Instructions for the task - Without the pictures, set down the records below word for word.

(Beginning of Input data)

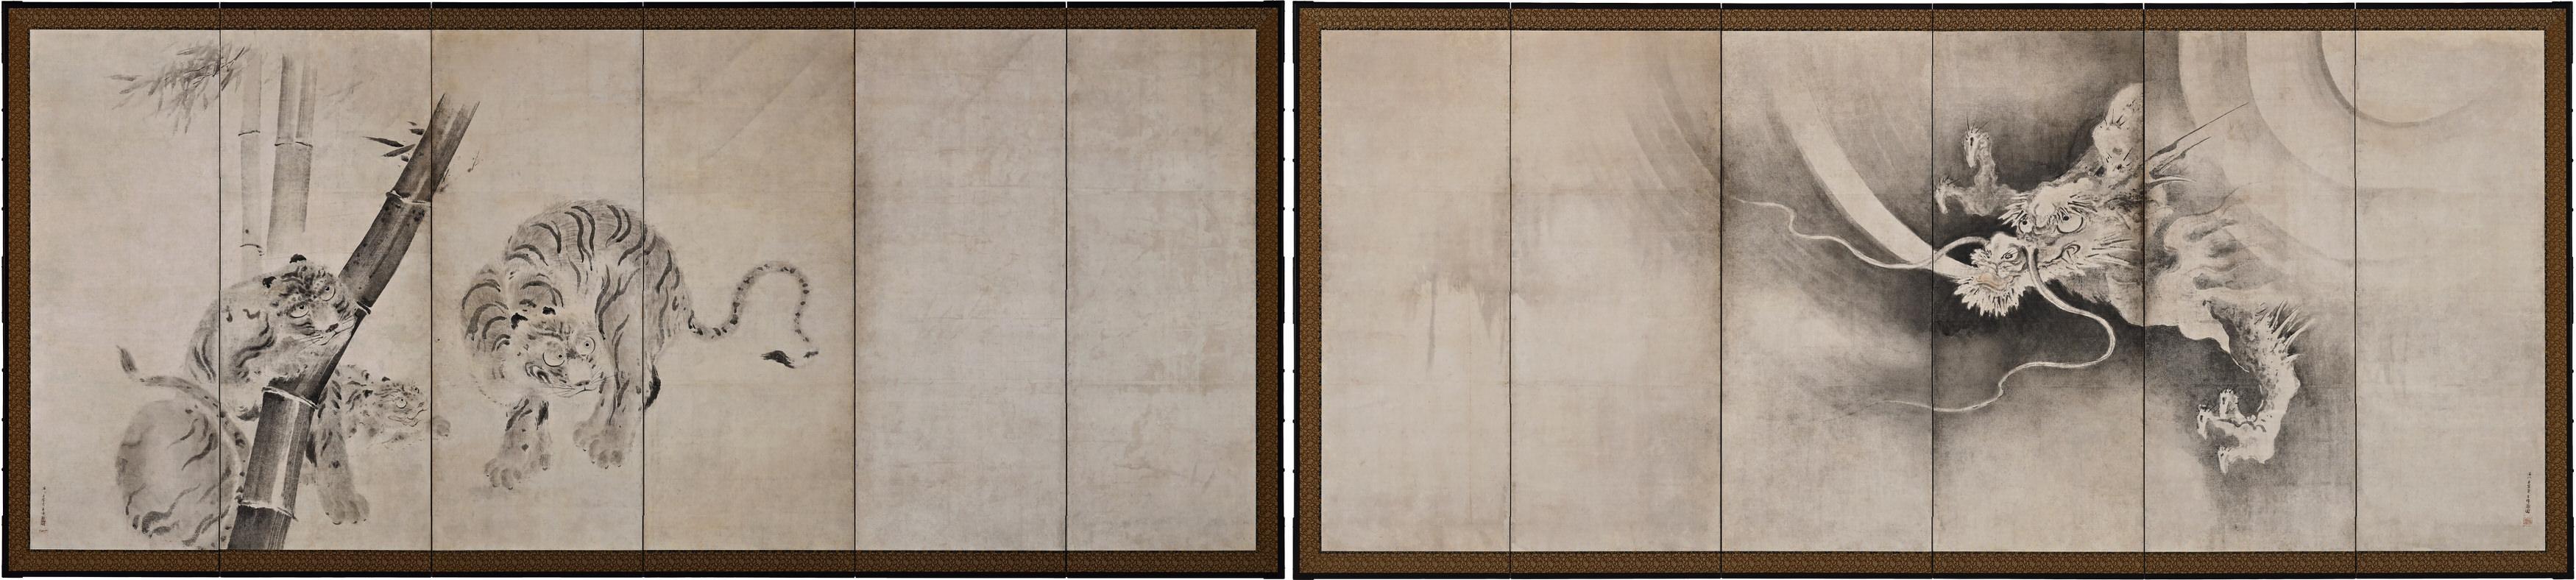 Kaiho Yusetsu (1598-1677)

Tiger and Dragon

Early Edo Period, Circa 1650

A Pair of Six-fold Japanese Screens. Ink and slight color on paper.

Dimensions:

Each screen: H. 171 cm x W. 380 cm (67.5’’ x 149.5’’)

In this pair of early Edo

(End of Input data)

Finished exercise -
 Kaiho Yusetsu (1598-1677)

Tiger and Dragon

Early Edo Period, Circa 1650

A Pair of Six-fold Japanese Screens. Ink and slight color on paper.

Dimensions:

Each screen: H. 171 cm x W. 380 cm (67.5’’ x 149.5’’)

In this pair of early Edo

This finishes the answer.